Mounia Lalmas is a Principal Research Scientist at Yahoo Labs, which she joined in January 2011. Prior to this, she held a Microsoft Research/RAEng Research Chair at the School of Computing Science, University of Glasgow. Before that, she was Professor of Information Retrieval at the Department of Computer Science at Queen Mary, University of London, which she joined in 1999 as a lecturer (aka assistant professor). From 2002 until 2007, she co-led the Evaluation Initiative for XML Retrieval (INEX), a large-scale project with over 80 participating organizations worldwide, which was responsible for defining the nature of XML retrieval, and how it should be evaluated. Her current research focuses on three main areas : user engagement, social media and search.

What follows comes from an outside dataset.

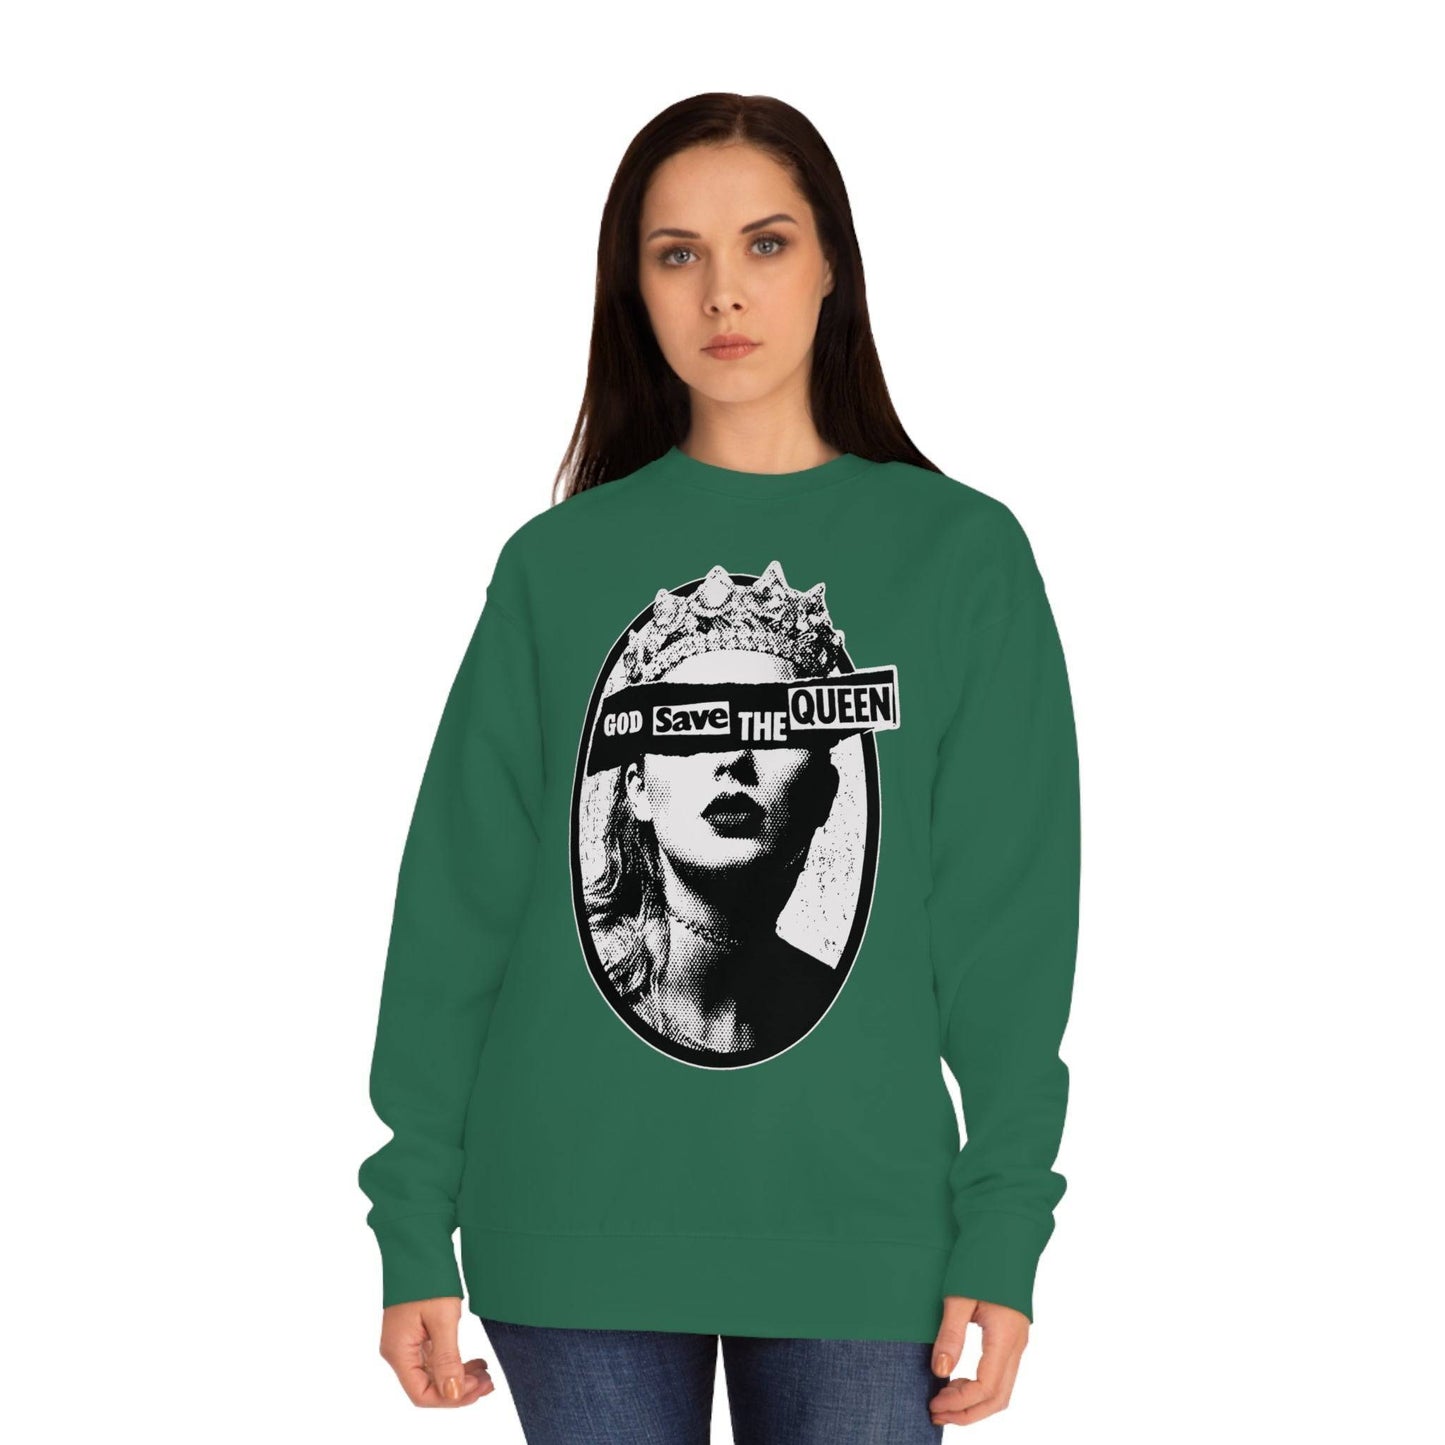 Taylor Swift | God Save The Queen | Unisex Sweatshirt Forest Green

Lieu : Campus - Amphi H, ENSIMAG
In the online world, user engagement refers to the quality of the user experience that emphasizes the phenomena associated with wanting to use a web application longer and frequently. User engagement is a multifaceted, complex phenomenon, giving rise to a number of approaches for its measurement : self-reporting (e.g., questionnaires) ; observational methods (e.g., facial expression analysis, desktop actions) ; and web analytics using online behavior metrics. These methods represent various trade-offs between the scale of the data analyzed and the depth of understanding. For instance, surveys are hardly scalable but offer rich, qualitative insights, whereas click data can be collected on a large-scale but are more difficult to analyze. Still, the core research questions each type of measurement is able to answer are unclear. This talk will present various efforts aiming at combining approaches to measure engagement and seeking to provide insights into what questions to ask when measuring engagement.